Can you do mixed precision with just the forward pass and not the loss?

Pytorch autocast mixed precision is useful, but all of the examples show it with context over both the forward pass and the loss. Does it also work with just the context over the forward pass, and ignoring the autocast for the loss term? For code-elegance reasons, I need to exclude it in part of the loss term.
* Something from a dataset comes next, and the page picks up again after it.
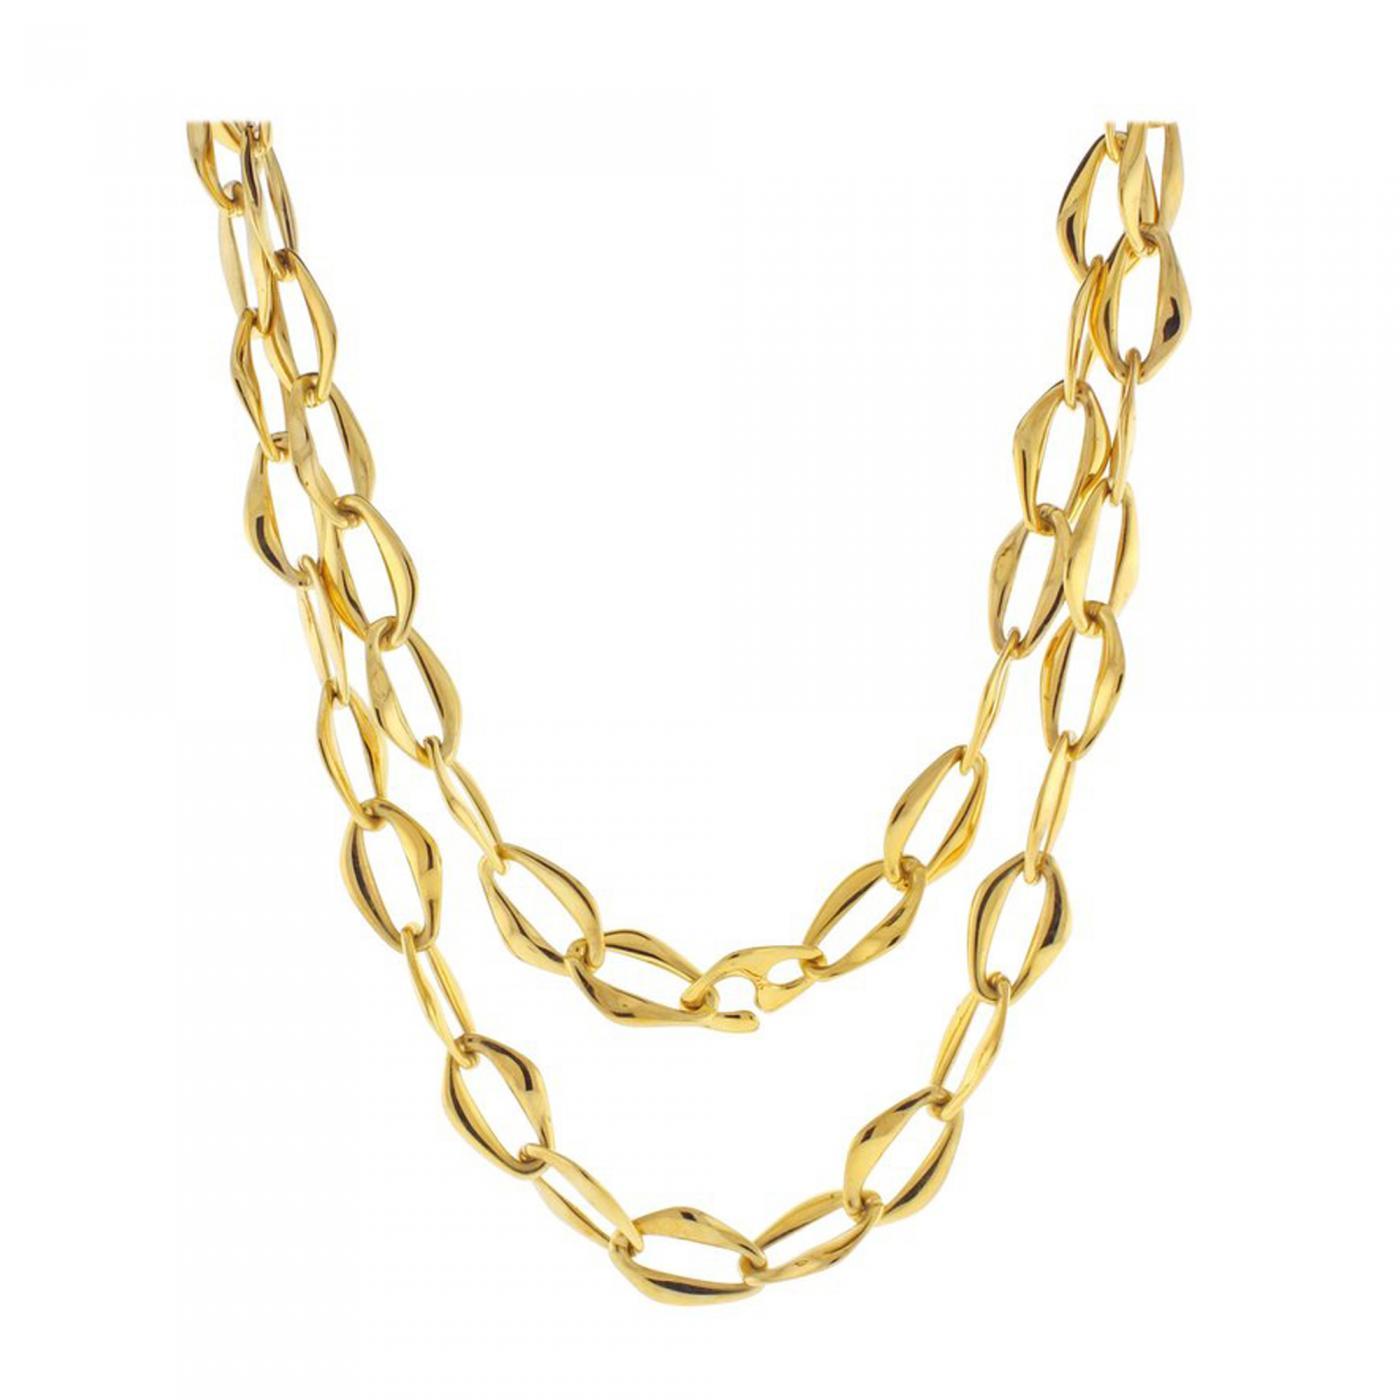 3da74e2a2 Elsa Peretti - Tiffany & Co. Elsa Peretti Aegean Toggle Necklace

I think it should work fine e.g., a simple toy example

import torch

batch_size = 128

print("running both in autocast")
loss_fn = torch.nn.CrossEntropyLoss()
torch.manual_seed(0)
inp = torch.randn(batch_size, 1, 28, 28, device='cuda')
target = torch.randint(0, 4, (batch_size,), device='cuda')
c = torch.nn.Conv2d(1, 4, 3, device='cuda')
with torch.autocast('cuda'):
  o = torch.mean(c(inp), (2, 3))
  loss = loss_fn(o, target)
print(loss)
loss.backward()
print(c.weight.grad)

print("running loss outside of autocast")
loss_fn = torch.nn.CrossEntropyLoss()
torch.manual_seed(0)
inp = torch.randn(batch_size, 1, 28, 28, device='cuda')
target = torch.randint(0, 4, (batch_size,), device='cuda')
c = torch.nn.Conv2d(1, 4, 3, device='cuda')
with torch.autocast('cuda'):
  o = torch.mean(c(inp), (2, 3))
loss = loss_fn(o.float(), target)
print(loss)
loss.backward()
print(c.weight.grad)
running both in autocast
tensor(1.4228, device='cuda:0', grad_fn=<NllLossBackward0>)
tensor([[[[ 5.9128e-04,  1.0681e-03,  8.3590e-04],
          [ 4.1270e-04,  1.0691e-03,  8.1015e-04],
          [-3.1173e-05,  5.8031e-04,  3.9482e-04]]],


        [[[-2.8467e-04, -5.3453e-04,  1.1891e-04],
          [ 1.7011e-04, -1.2958e-04,  3.4952e-04],
          [ 6.0225e-04,  2.3711e-04,  5.9605e-04]]],


        [[[-2.9230e-04, -3.6621e-04, -5.6601e-04],
          [-3.0875e-04, -4.0889e-04, -5.2071e-04],
          [-5.1451e-04, -4.6921e-04, -6.7139e-04]]],


        [[[-9.8944e-06, -1.6201e-04, -3.8552e-04],
          [-2.7370e-04, -5.3024e-04, -6.4039e-04],
          [-5.6267e-05, -3.4690e-04, -3.2020e-04]]]], device='cuda:0')
running loss outside of autocast
tensor(1.4228, device='cuda:0', grad_fn=<NllLossBackward0>)
tensor([[[[ 5.9128e-04,  1.0662e-03,  8.3447e-04],
          [ 4.1318e-04,  1.0681e-03,  8.0919e-04],
          [-3.0875e-05,  5.7936e-04,  3.9387e-04]]],


        [[[-2.8634e-04, -5.3549e-04,  1.1861e-04],
          [ 1.6904e-04, -1.2982e-04,  3.4976e-04],
          [ 6.0081e-04,  2.3639e-04,  5.9605e-04]]],


        [[[-2.9230e-04, -3.6621e-04, -5.6601e-04],
          [-3.0875e-04, -4.0889e-04, -5.2071e-04],
          [-5.1451e-04, -4.6921e-04, -6.7139e-04]]],


        [[[-7.3910e-06, -1.5986e-04, -3.8457e-04],
          [-2.6965e-04, -5.2691e-04, -6.3753e-04],
          [-5.2571e-05, -3.4356e-04, -3.1829e-04]]]], device='cuda:0')

However, the casting rules might be different or unexpected outside of an autocast context, so I would double check that e.g., the input and output types to your loss function are what you expected.

Is there a reason why this line is enforced?

if optimizer_state["stage"] is OptState.STEPPED:
            raise RuntimeError("step() has already been called since the last update().")

It seems like stepping the same optimizer twice after two independent backward passes wouldn’t be an issue.

Is updating the _scale absolutely necessary algorithmically?